Es instructivo, en este sentido, recordar que la Administración penitenciaria de California, con sus veintinueve vastos “campus”, cuesta ya más que el sistema universitario californiano, y que los jóvenes negros de Los Ángeles o de Oackland tienen dos veces más posibilidades de acabar en la cárcel que en la universidad. Además, la Proposición 184 promete un aumento radical de las disparidades racionales. En los seis meses que siguieron a su entrada en vigor, los afroamericanos (10% de la población) representaban el 57% de las diligencias iniciadas en virtud de esa ley en el condado de Los Ángeles. Según algunos abogados, ello representa 17 veces más inculpaciones que para los blancos, a pesar de que otros estudios demostraron que el 60% del conjunto de violaciones, ataques a mano armada y agresiones cometidas en el Estado fueron
llevadas a cabo por hombres de raza blanca.

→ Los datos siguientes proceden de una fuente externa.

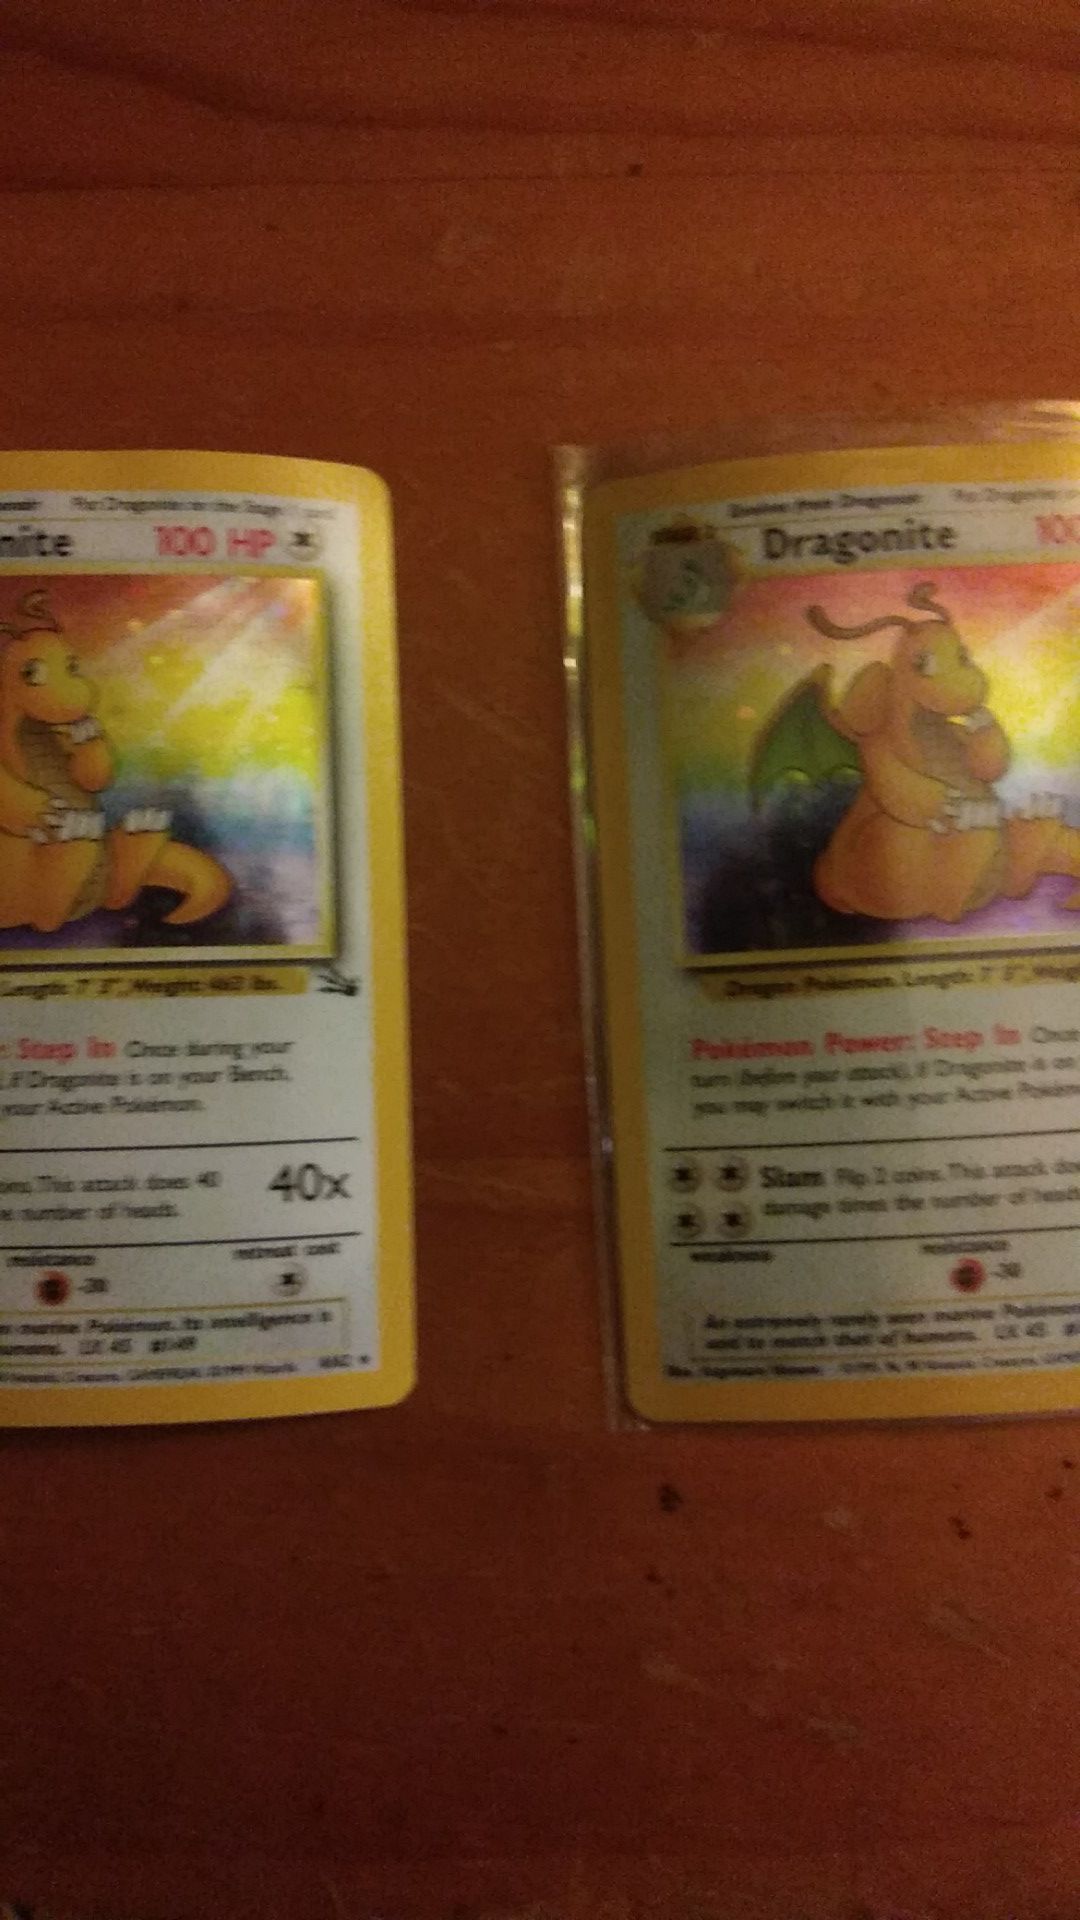 2 1995 fossil collection holo draganite pokemon cards
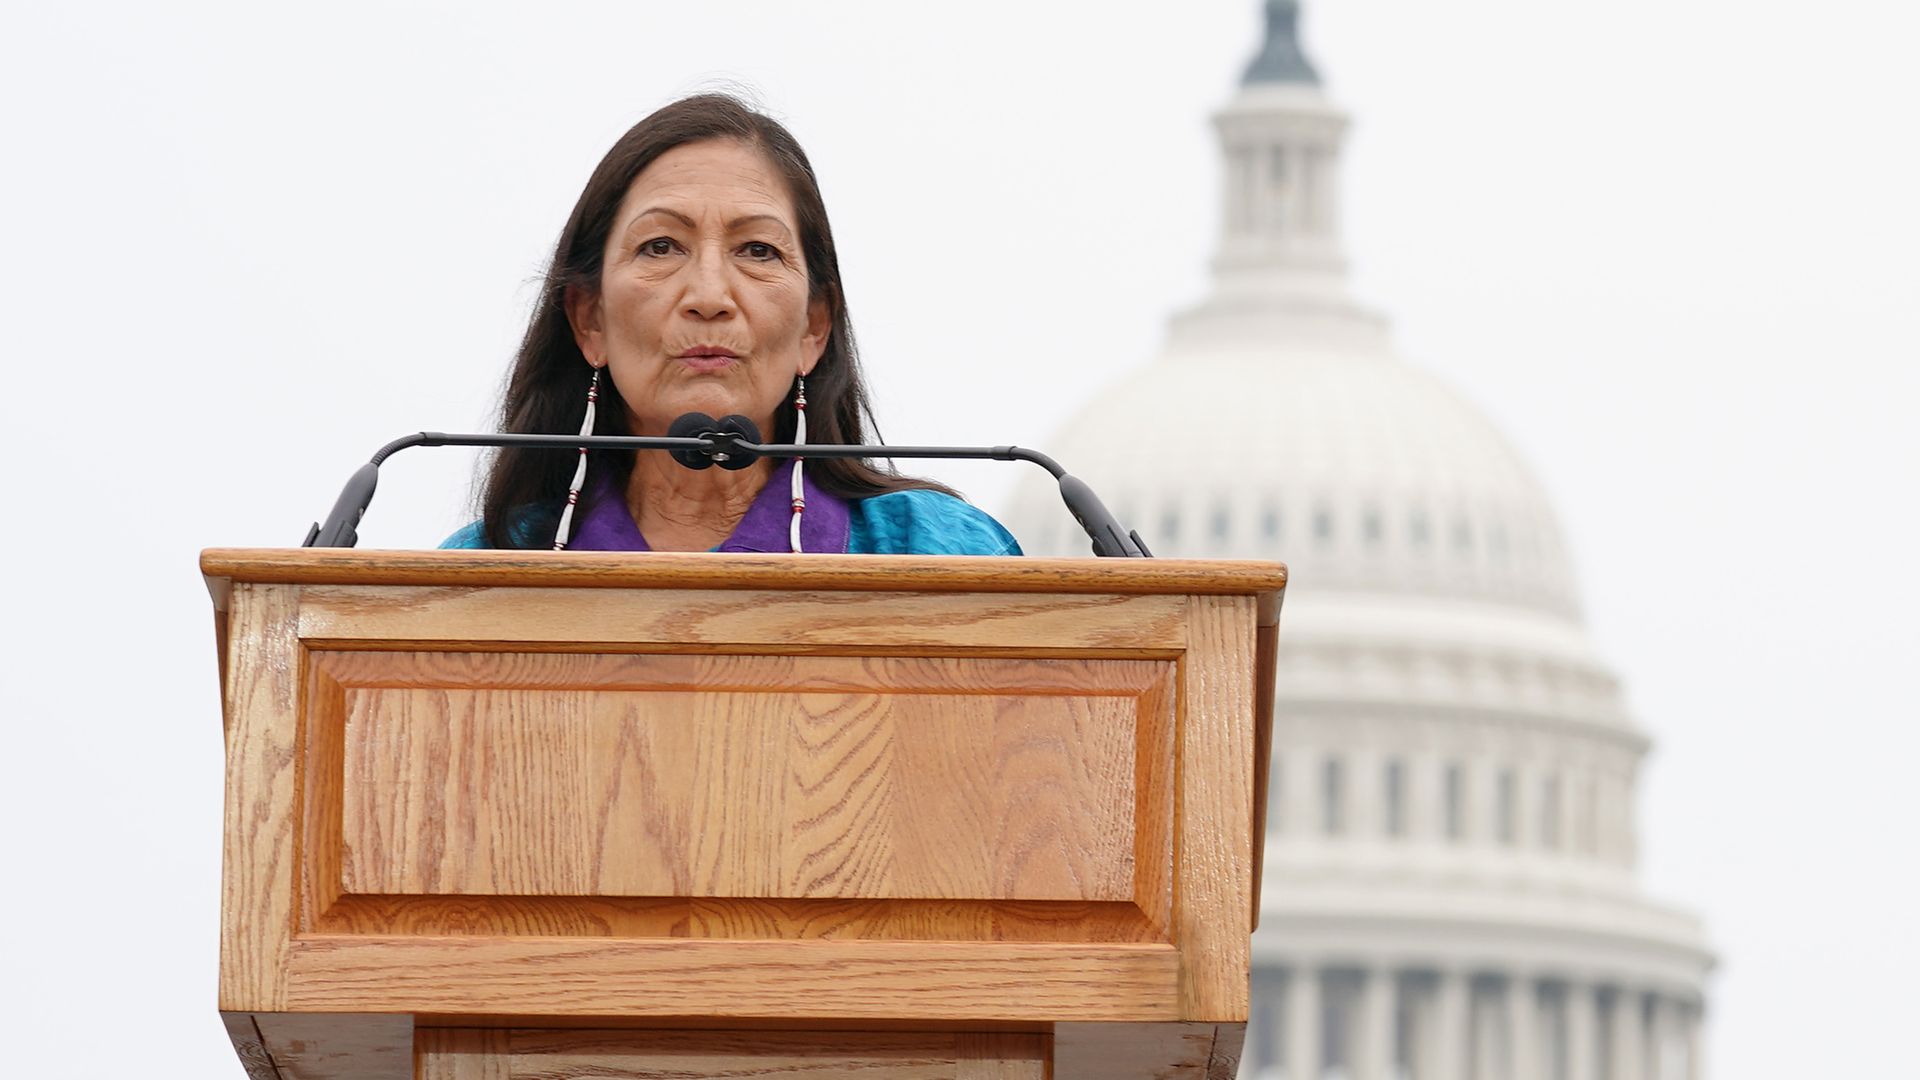 Photo of Deb Haaland speaking from a podium in front of the U.S. Capitol

Para el senador californiano Tom Hayden, que se opuso vigorosamente a la Proposición 184, California está cayendo en un “cenagal moral” que recuerda a Vietnam: “La política estatal se ha dejado atar de pies y manos por el lobby de la seguridad. Los electores no tienen realmente una idea clara de lo que les espera. No se les ha dicho la verdad sobre el intercambio que han aceptado –universidades contra prisiones– ni sobre la catástrofe económica que inevitablemente implicará. Deshumanizamos a los delincuentes y a los pobres exactamente de la misma manera que lo hacíamos con los llamados gooks4 en Vietnam. Los precipitamos al infierno simplemente para seguir alimentado sus llamas”.
Mientras tanto en Calipatria la Administración empieza ya a saltarse todas las alarmas. Daniel Paramo reconoce contento que, ante la expansión de la población penitenciaria causada por la Proposición 184, la Administración penitenciaria proyecta meter a un tercer preso en cada una de sus celdas para ratas fustigadas. “Meteremos a tantos detenidos como nos ordene el Estado. Y si los tribunales acaban por imponer un límite, me imagino que se construirán algunas cárceles más, eso será todo”.
4 Calificativo despreciativo aplicado a los soldados asiáticos, ya sean japoneses, coreanos o vietnamitas.